過了兩盞茶的功夫,楊思齊從房中出來,看一眼李魚,他仍仰著臉兒在發呆。楊思齊隻當他是慚對故人,歎了口氣,上前拍拍他的肩膀道:“常老大所言,也有他的道理。以後,你對勾欄院那些人多些照顧也就是了。”
李魚醒過神兒來,問道:“常老大與先生說了些什麽?”
楊思齊道:“自然是對你的安排。你不要以為常老大什麽人都收,像饒耿那班人,也隻算是外圍。四梁八柱以下,都不算是核心。他賞識你,也得多番考察,才能予以重用,你先跟我回去,我來琢磨一下,如何安排你。”
楊思齊頓了一頓,又道:“常老大讓我安排一席酒宴,讓你和饒耿化幹戈為玉帛,你看……”
李魚歎道:“過些時日再說吧,我現在……實無心情。”
楊思齊點頭道:“是這個道理。那咱們先走吧,這事改日再說。”
楊思齊帶著李魚回了自己的家,剛剛回去,李魚便主動找上了楊思齊,想跟著他學學建築之學。
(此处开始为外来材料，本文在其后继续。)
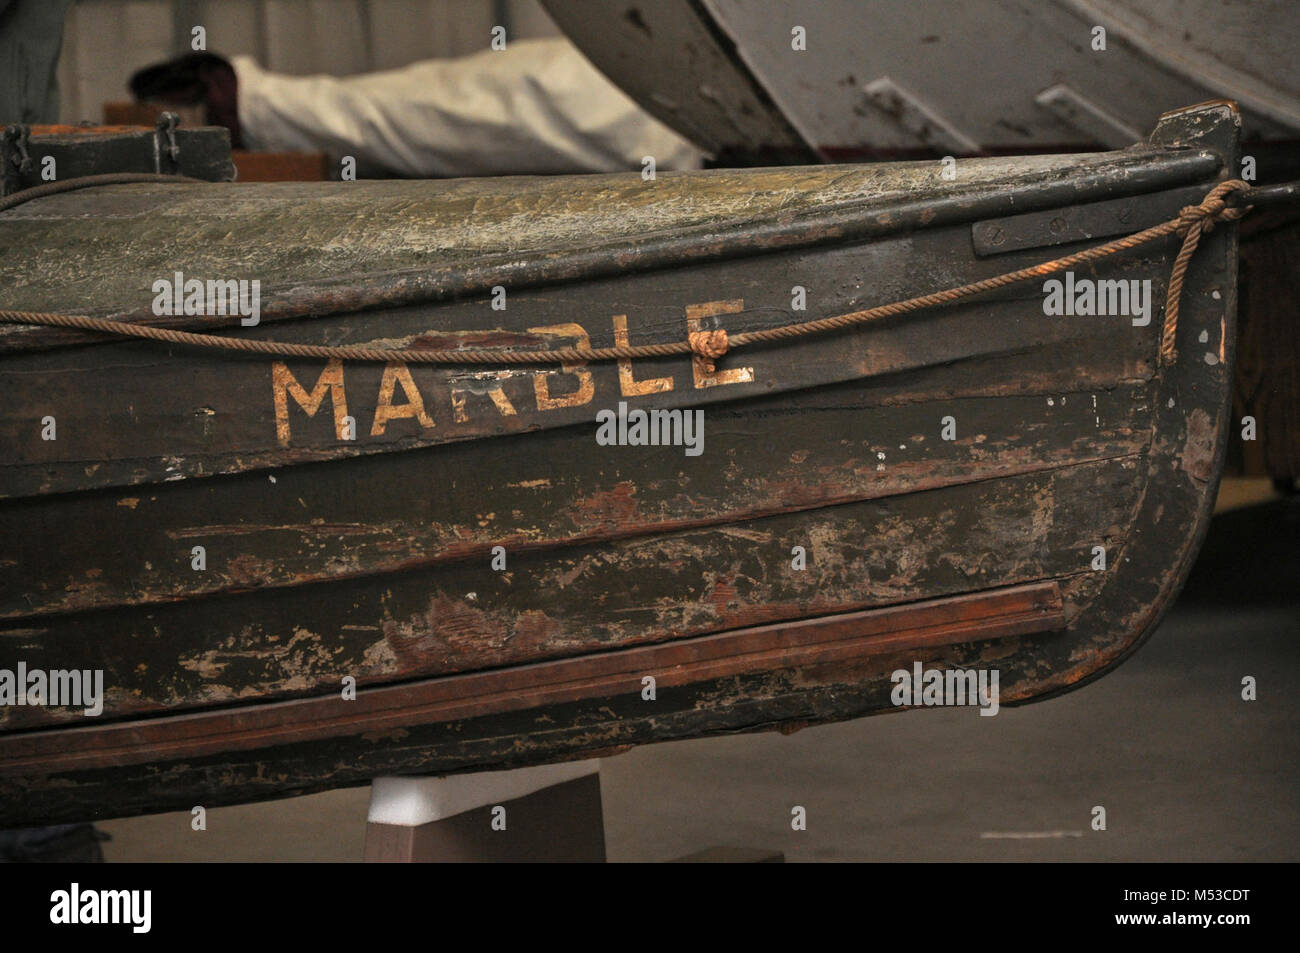 Grand Canyon History Symposium Historic Boat Tour . View of the historic wooden boat, the Marble, in the museum collection storage area. [Brown worn wooden starboard side with name painted in white capital lettering.]  The Grand Canyon Historical Society [GCHS] held the 4th Grand Canyon History Symposium on the  South Rim, Grand Canyon National Park, on November 4-6, 2016.  As one of the many events and presentations held during the 4th Grand Cany Stock Photo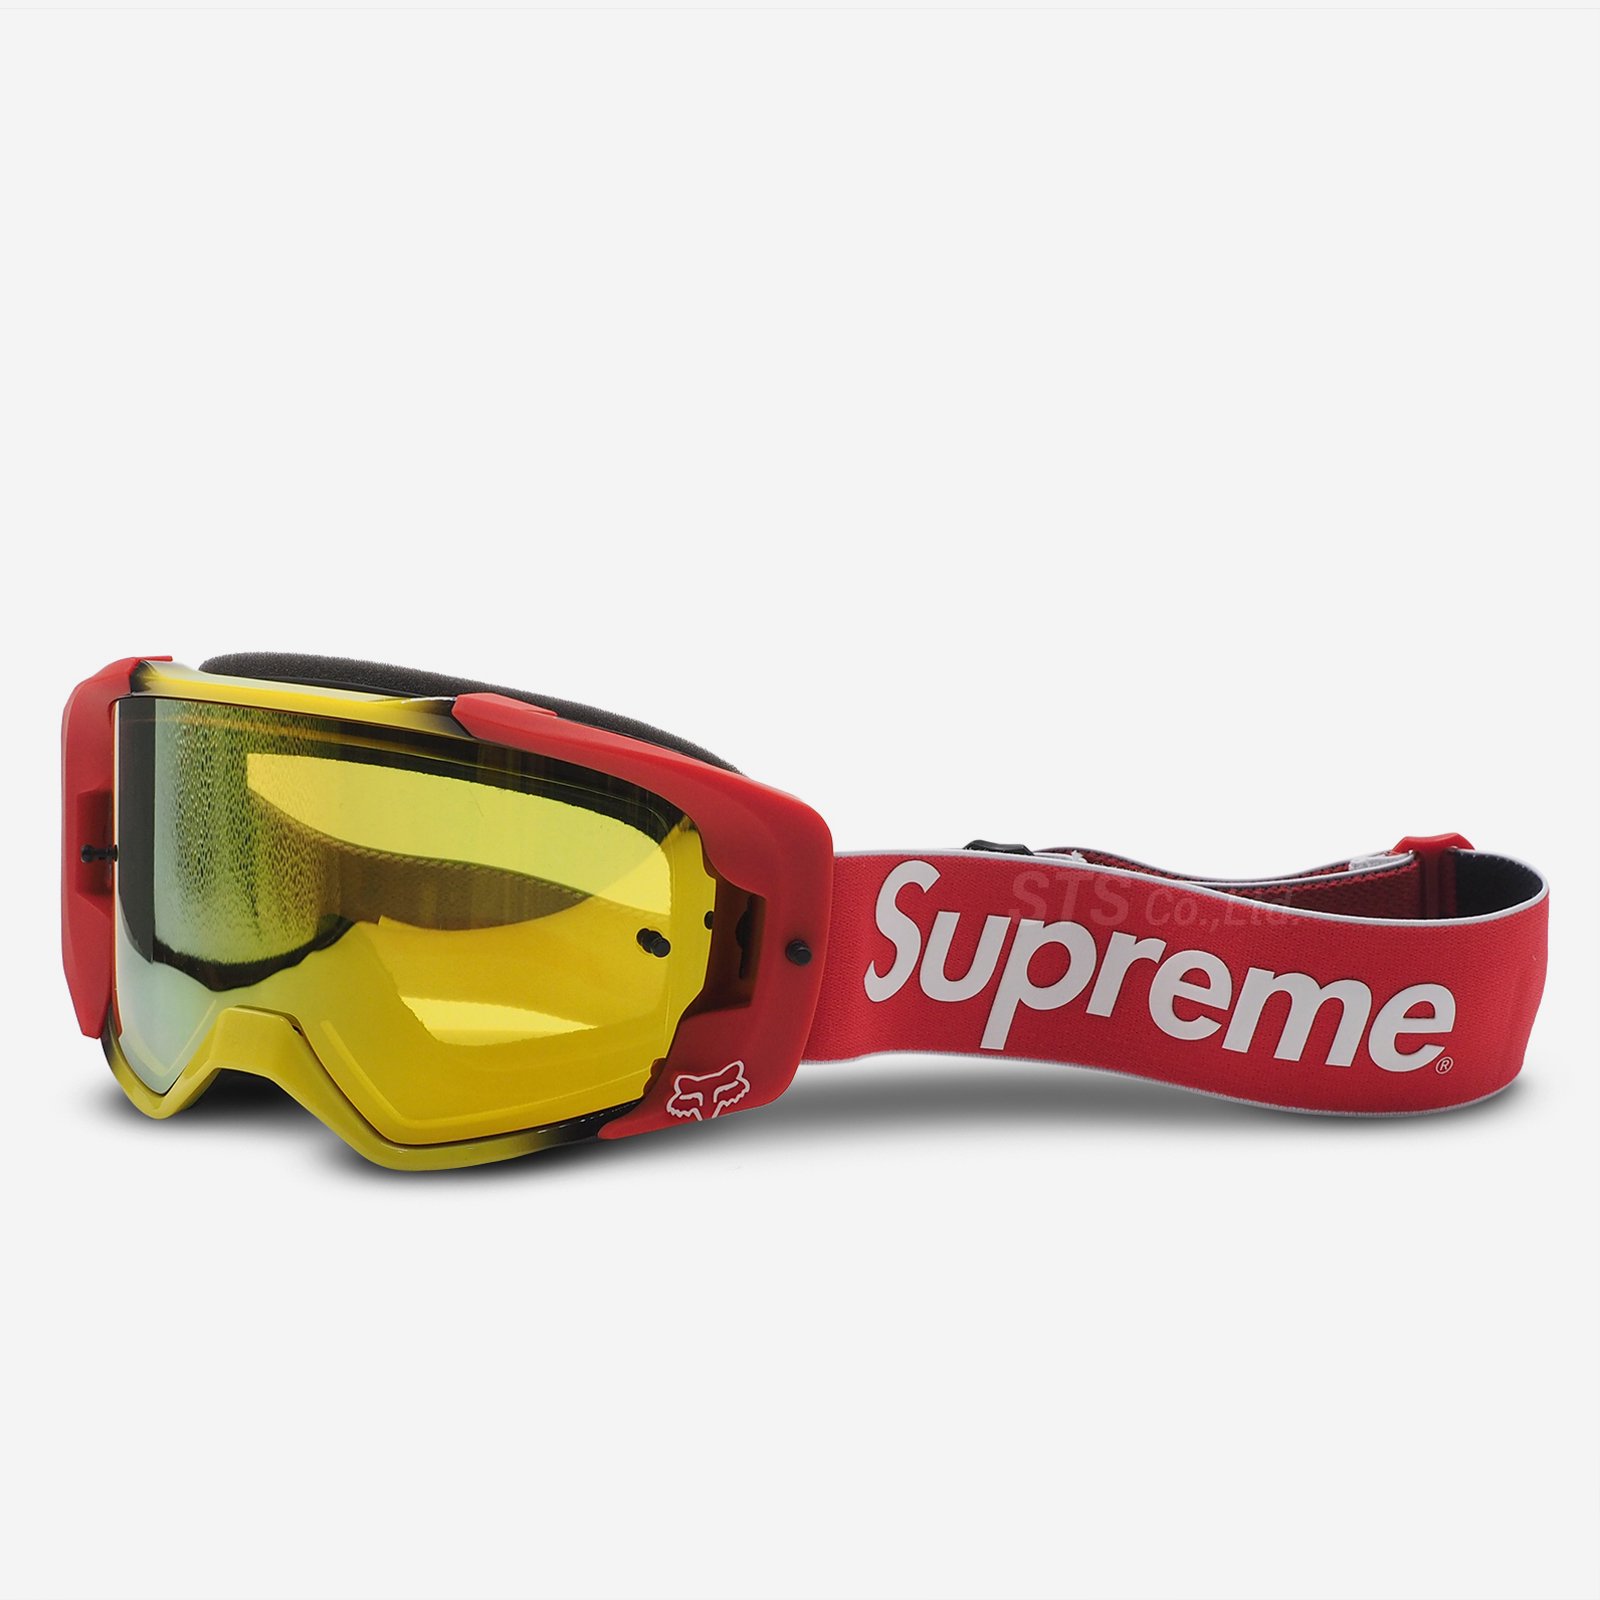 Supreme®/Fox Racing® VUE® Gogglesその他

楊思齊隻懂建造,讓他安排李魚,他還真想不出旁的門路來,正為此事發愁呢,一聽此言不禁大喜。
李魚旁敲側擊的打聽到楊思齊所有建造,俱都留有副本,隻是那些東西堆放得漫無頭緒,李魚便主動提出幫他整理,建立索引,同時多看看圖紙,熟悉一下,再聽他傳授建造之道,便也事半功倍。
楊思齊更加高興了,隻覺此人勤敏好學,倒是真動了收他為徒,傳授技藝的心思。
潘大娘聽說兒子要跟楊思齊學建造,楊思齊這建造之術的“魔力”她是見過的,那真是隻在紙上塗塗抹抹一番,就能換來銀子,那哪是在畫圖紙啊,簡直是在畫銀票,登時喜不自勝。
原本她對楊思齊照顧的就蠻好,這回為了兒子,更是竭力巴結老師,唯恐他不肯盡心盡力教自己的兒子。可這左一趟右一趟的奉茶獻果,噓寒問暖,對一鑽進圖紙就渾然忘我的楊思齊來說,實在是一種無法忍受的折磨。